Write out the entries below exactly, but only from the line containing "Image of the" through the line containing "POT CARDINAL LARGE", and without the pictures.
++++ ENTRIES SUPPLIED
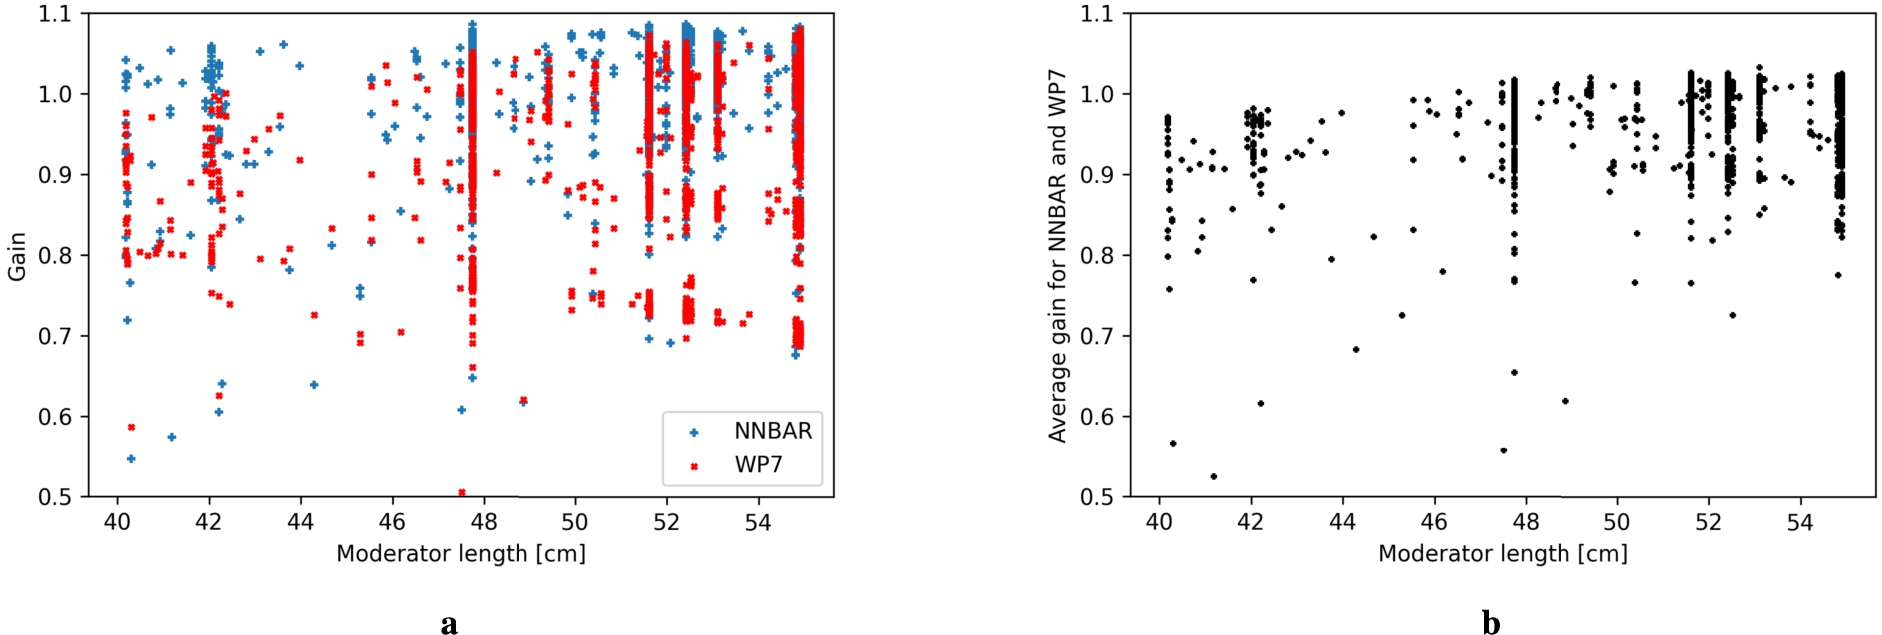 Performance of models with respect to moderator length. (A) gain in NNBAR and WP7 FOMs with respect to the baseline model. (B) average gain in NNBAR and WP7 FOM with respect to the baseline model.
++++++++
++++ ENTRIES SUPPLIED
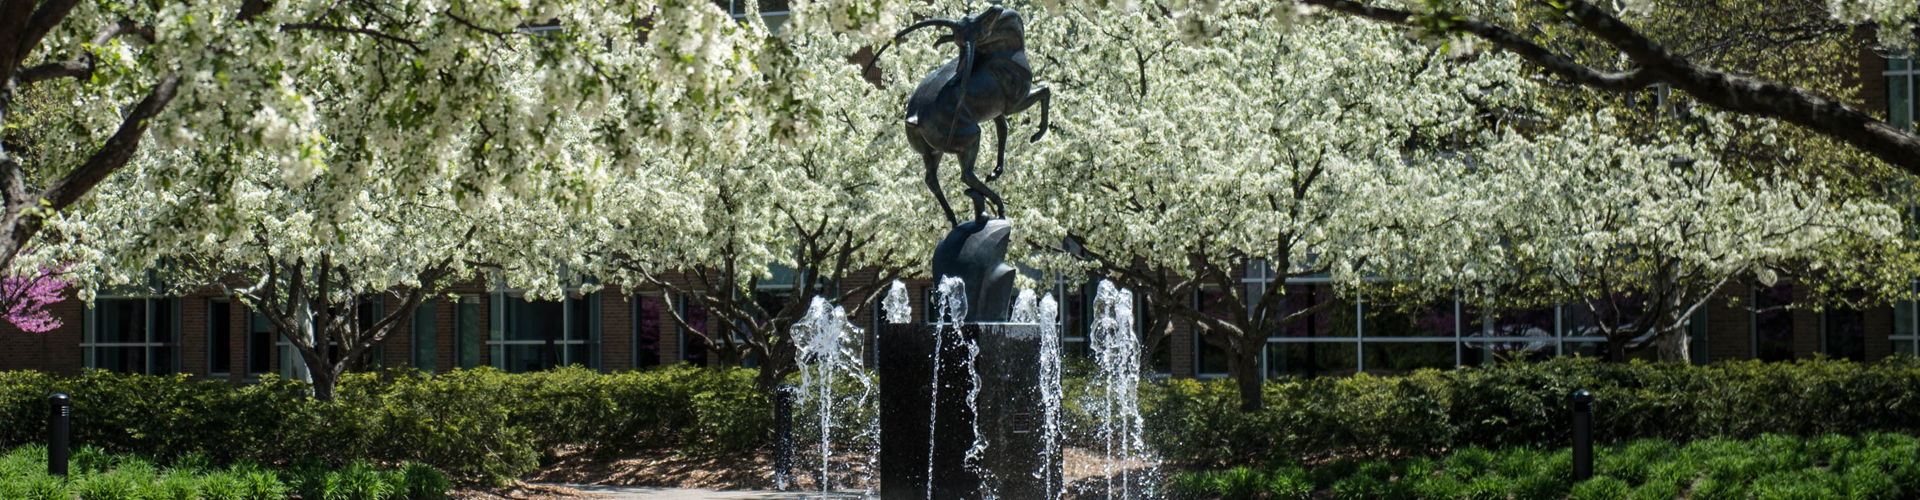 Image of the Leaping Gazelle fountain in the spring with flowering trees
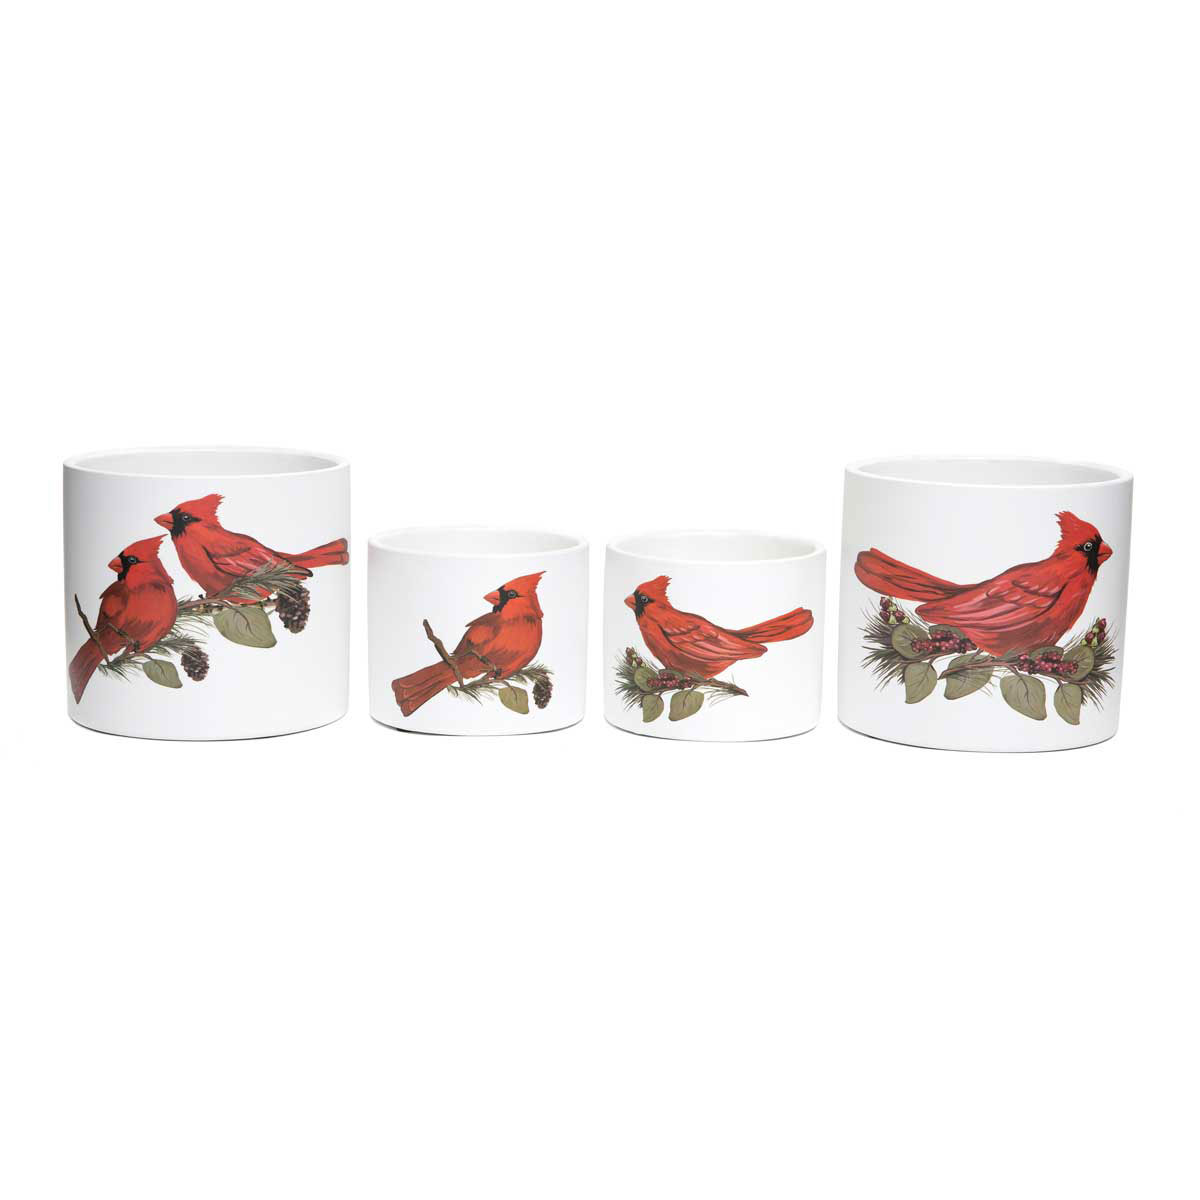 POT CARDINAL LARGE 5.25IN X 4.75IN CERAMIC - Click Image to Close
++++++++
++++ ENTRIES SUPPLIED
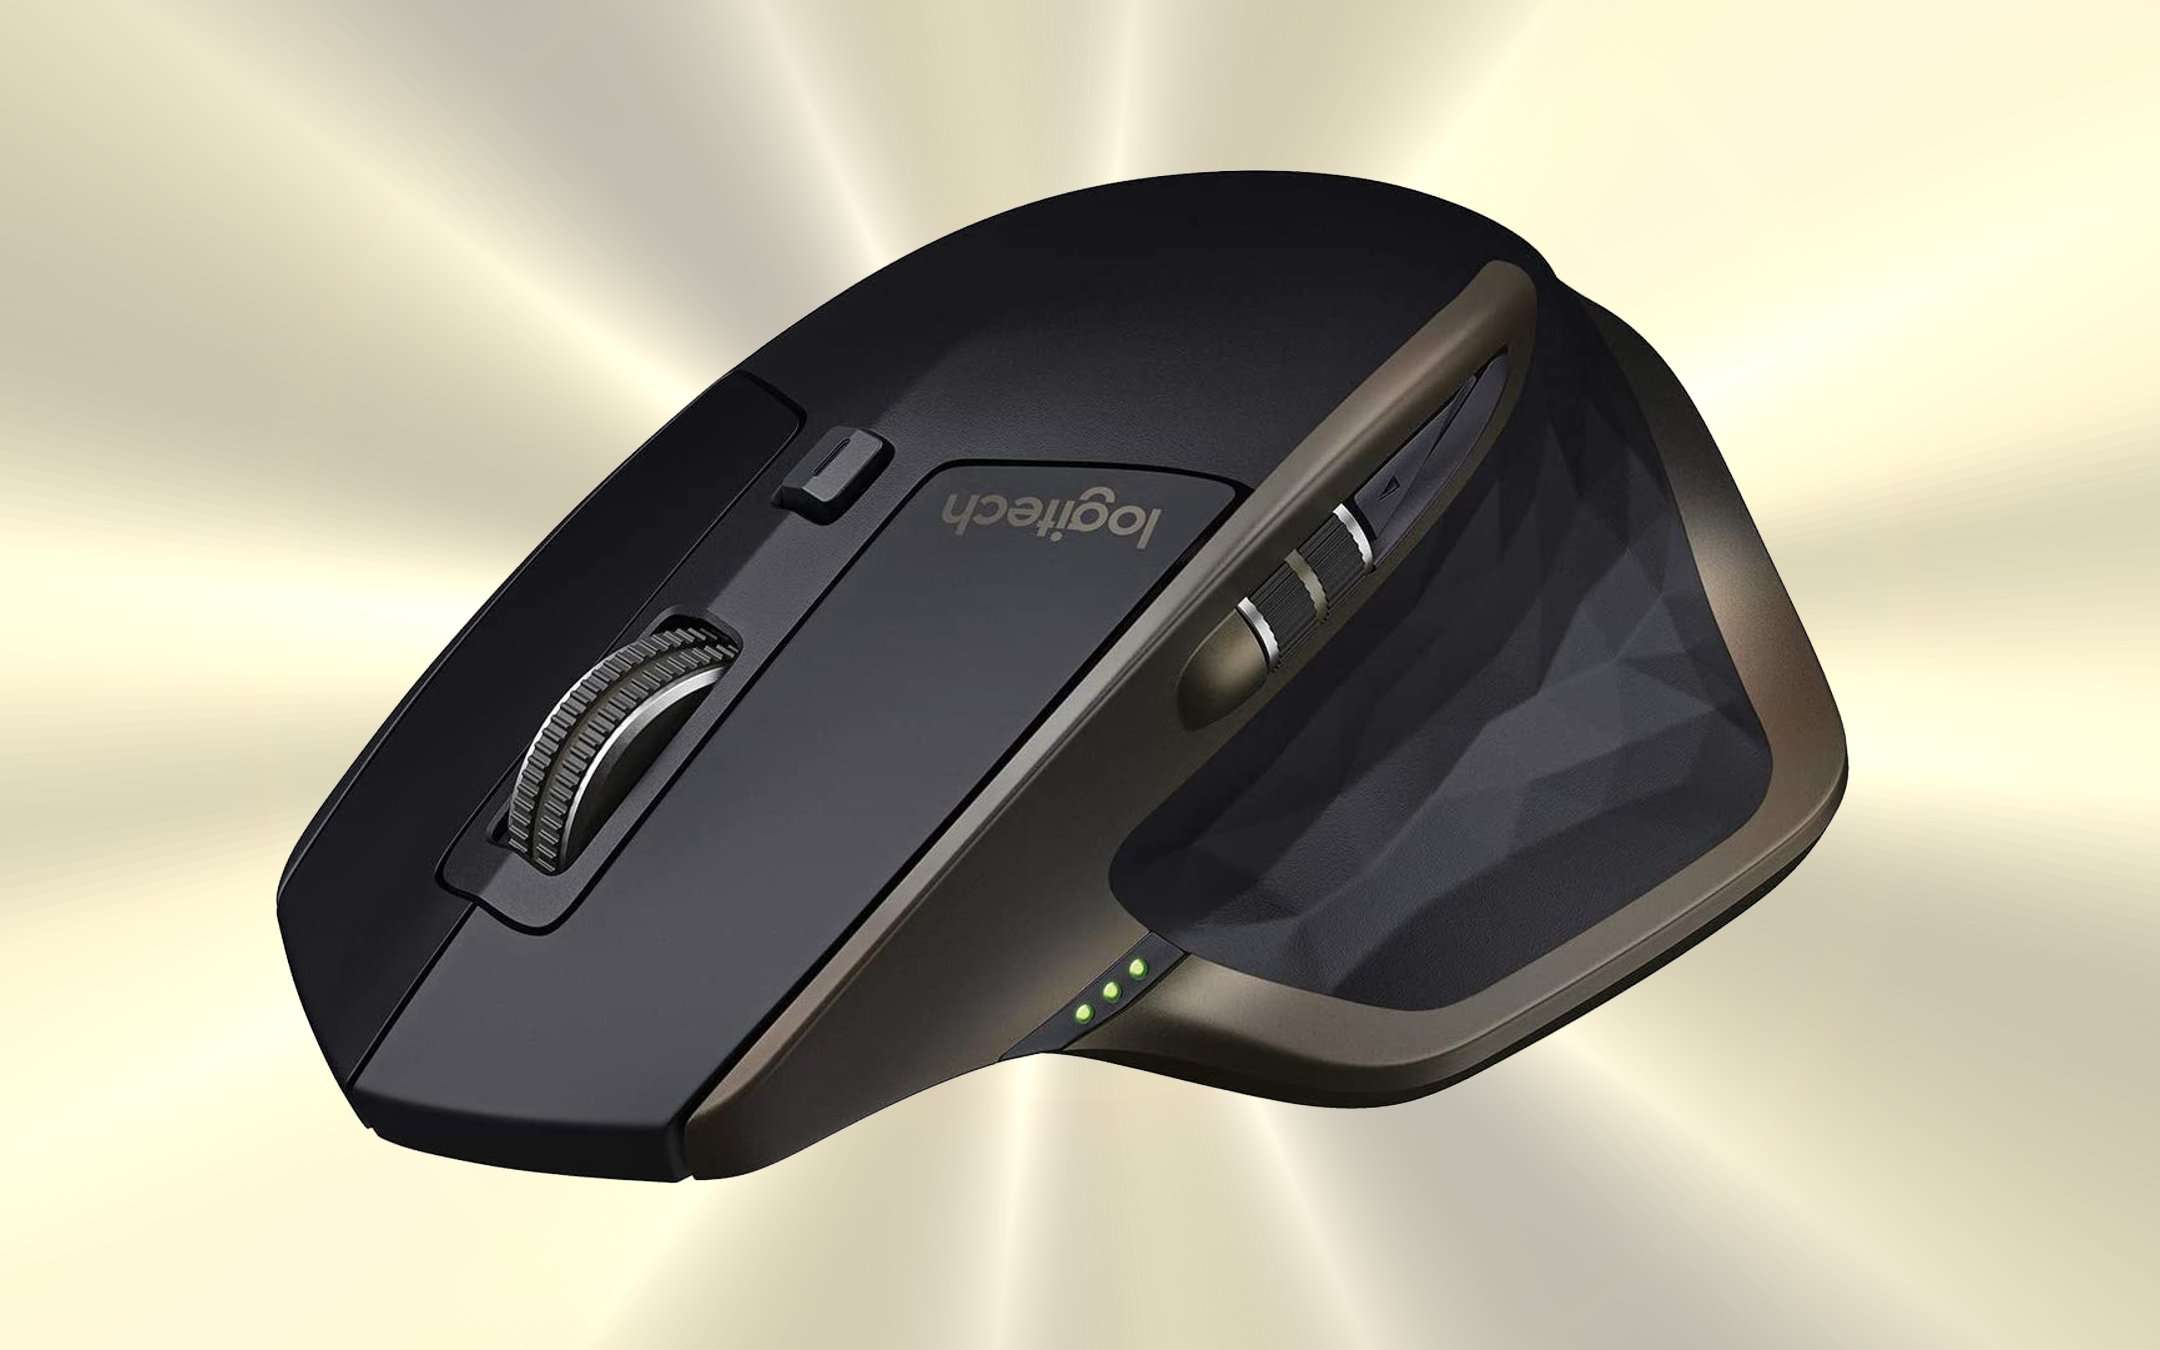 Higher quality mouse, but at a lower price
++++++++
* [SOLVED PROBLEM]:
 Image of the Leaping Gazelle fountain in the spring with flowering trees
 POT CARDINAL LARGE 5.25IN X 4.75IN CERAMIC - Click Image to Close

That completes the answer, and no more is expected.